Dyn is crazy for dashboards. We wake up looking at them and always have ideas on how to make them better. We use several platforms – Munin, Graphite, and Nagios to name a few – but recently we have started building our own data processing tools that allow us to build real-time dashboards.
Here’s what we did and how we did it.
I selected a few tasks that a usual dashboard would do and multiplied the desired amount of work by 50 to come up with a test workload:
- Stuff an array with a million random positive integers (to see how dynamic memory allocation may affect interpreters)
- Calculate the variance on the resulting dataset (to check performance of math operations)
- Sort the array (because this step is important in descriptive statistics)
- Find 10,000 quantiles (to observe data access speed)
I wanted to compare usual dashboard builders. This was my lineup:
I added these browsers to compete with server-side tools:
All tests (except the IE9 one) were done on an
ancient Intel Core Duo 6400 with Fedora Core 16 (Linux 3.2.3 x86_64 SMP). The IE9 test ran on an Intel i5 CPU with 64-bit Windows 7 Professional.
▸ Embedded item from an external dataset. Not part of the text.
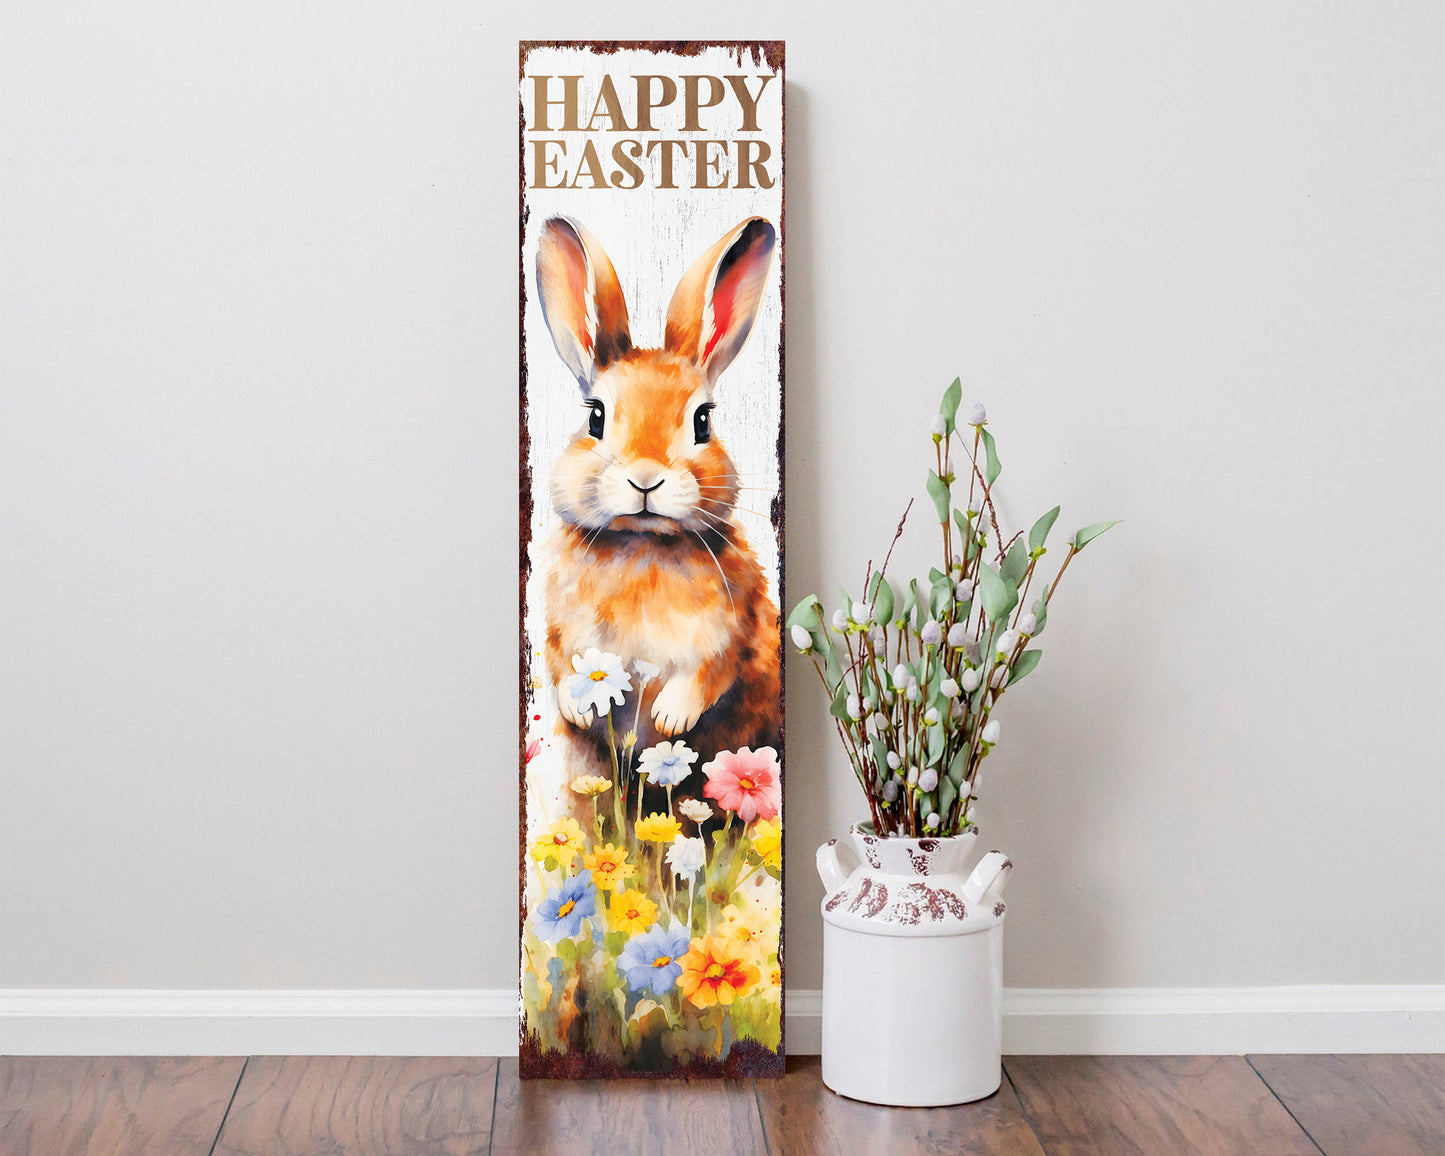 36in Rustic Farmhouse 'Happy Easter' Sign for Front Porch Sign| Easter Outdoor Decor for Front Door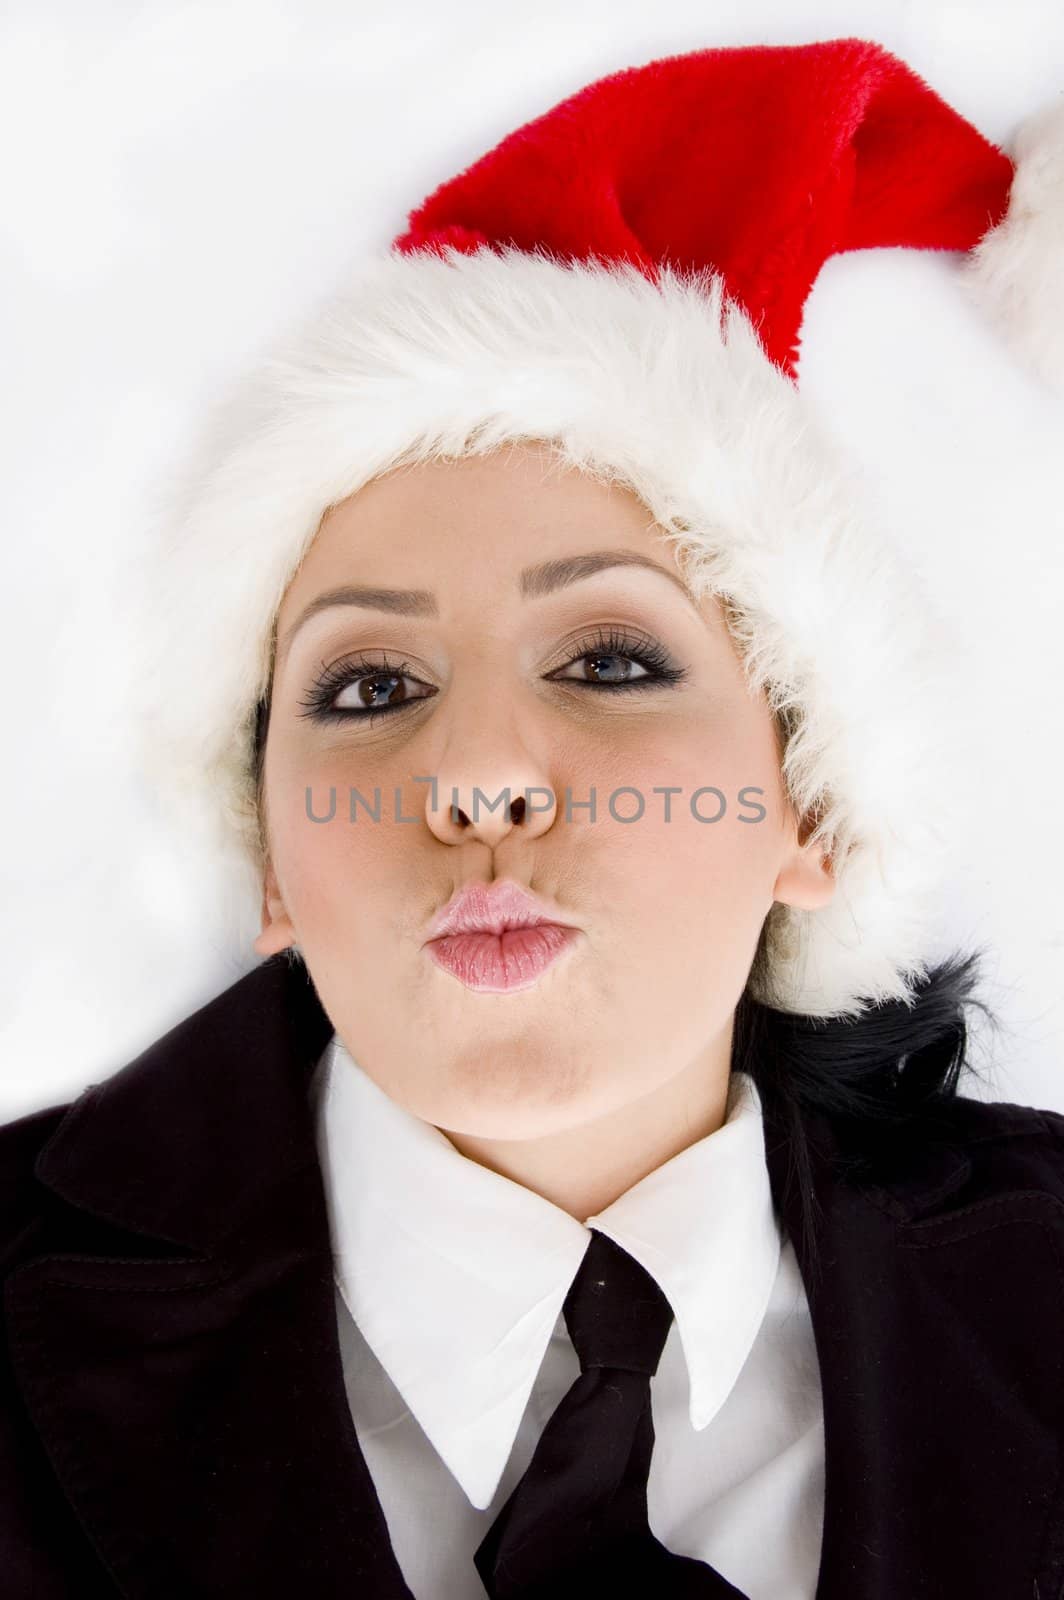 manager wearing christmas hat by imagerymajestic

The Google TV was Sony Internet TV with 3.2 Firmware.
I added a few other contestants which aren’t the first choice for a web applications, but are well-known data processing tools:
- R 2.14 because R is designed exactly for this kind of data crunching
- Java (1.6.0 openjdk)
- C (code compiled by gcc 4.6.2 with \-O3 flag)
- Python 2.7 with numpy library
During testing, I uncovered a serious underperformance of standard sort routines in Firefox and C for our use-case (sorting integers). I added a custom sort test for web browsers and a faster quicksort test for C in the mix.
Results and Summary
For each contestant, I ran the challenge 10 times. I aggregated mean values into the table below and added the median absolute deviation (MAD) to demonstrate consistency between 10 runs. All these digits show time in seconds.
|Initialization||Calculating Variance||Sorting||Calculating Quantiles||Total Run Time||MAD|
|C (custom quickSort)||0.01||0||0.04||0||0.06||0.005|
|Python 2.7 + numpy||0.03||0||0.09||0.02||0.13||0.003|
|C (standard qsort)||0.01||0||0.16||0||0.17||0.000|
|Chrome 16 (standard sort)||0.1||0.09||0.23||0||0.42||0.018|
|Chrome 16 (custom sort)||0.11||0.08||0.65||0||0.85||0.005|
|Firefox (custom sort)||0.04||0.23||1.03||0||1.31||0.016|
|Chrome 11 (Sony TV, standard sort)||0.31||0.52||0.73||0.01||1.56||0.029|
|IE9 (other CPU, standard sort)||0.25||0.75||0.75||0.01||1.76||0.050|
|Firefox (standard sort)||0.04||0.26||3.2||0||3.51||0.025|
|IE9 (other CPU, custom sort)||0.25||0.66||3.05||0.01||3.97||0.062|
|Chrome 11 (Sony TV, custom sort)||0.3||0.51||4.42||0.01||5.24||0.083|
The results confirm that using the client’s CPU to calculate content to show on the dashboard is a good way to eliminate load from servers. It will also not slow clients down because the usual calculations will be done faster than a tenth of a second. We certainly can see good competition to server-side interpreters, especially for our target case where workload is different every time a dashboard is displayed.
If you want to check out the tests and the code we used to do this, you can get it from Github. You can use it to make similar evaluations to the ones we made, or improve the code we published.
Other observations I made as a result of this testing:
- R is an amazing tool. Use it when you’re thinking about numbers!
- Numpy is a very smart library. I was not aware of it when I started, but plan to use it more often now. I cannot recommend it for everyone yet because I don’t know much about its thread safety and platform independence, but I plan some more investigation. Comment below if you know more please!
- I wonder whether Firefox developers can make their sort function smarter.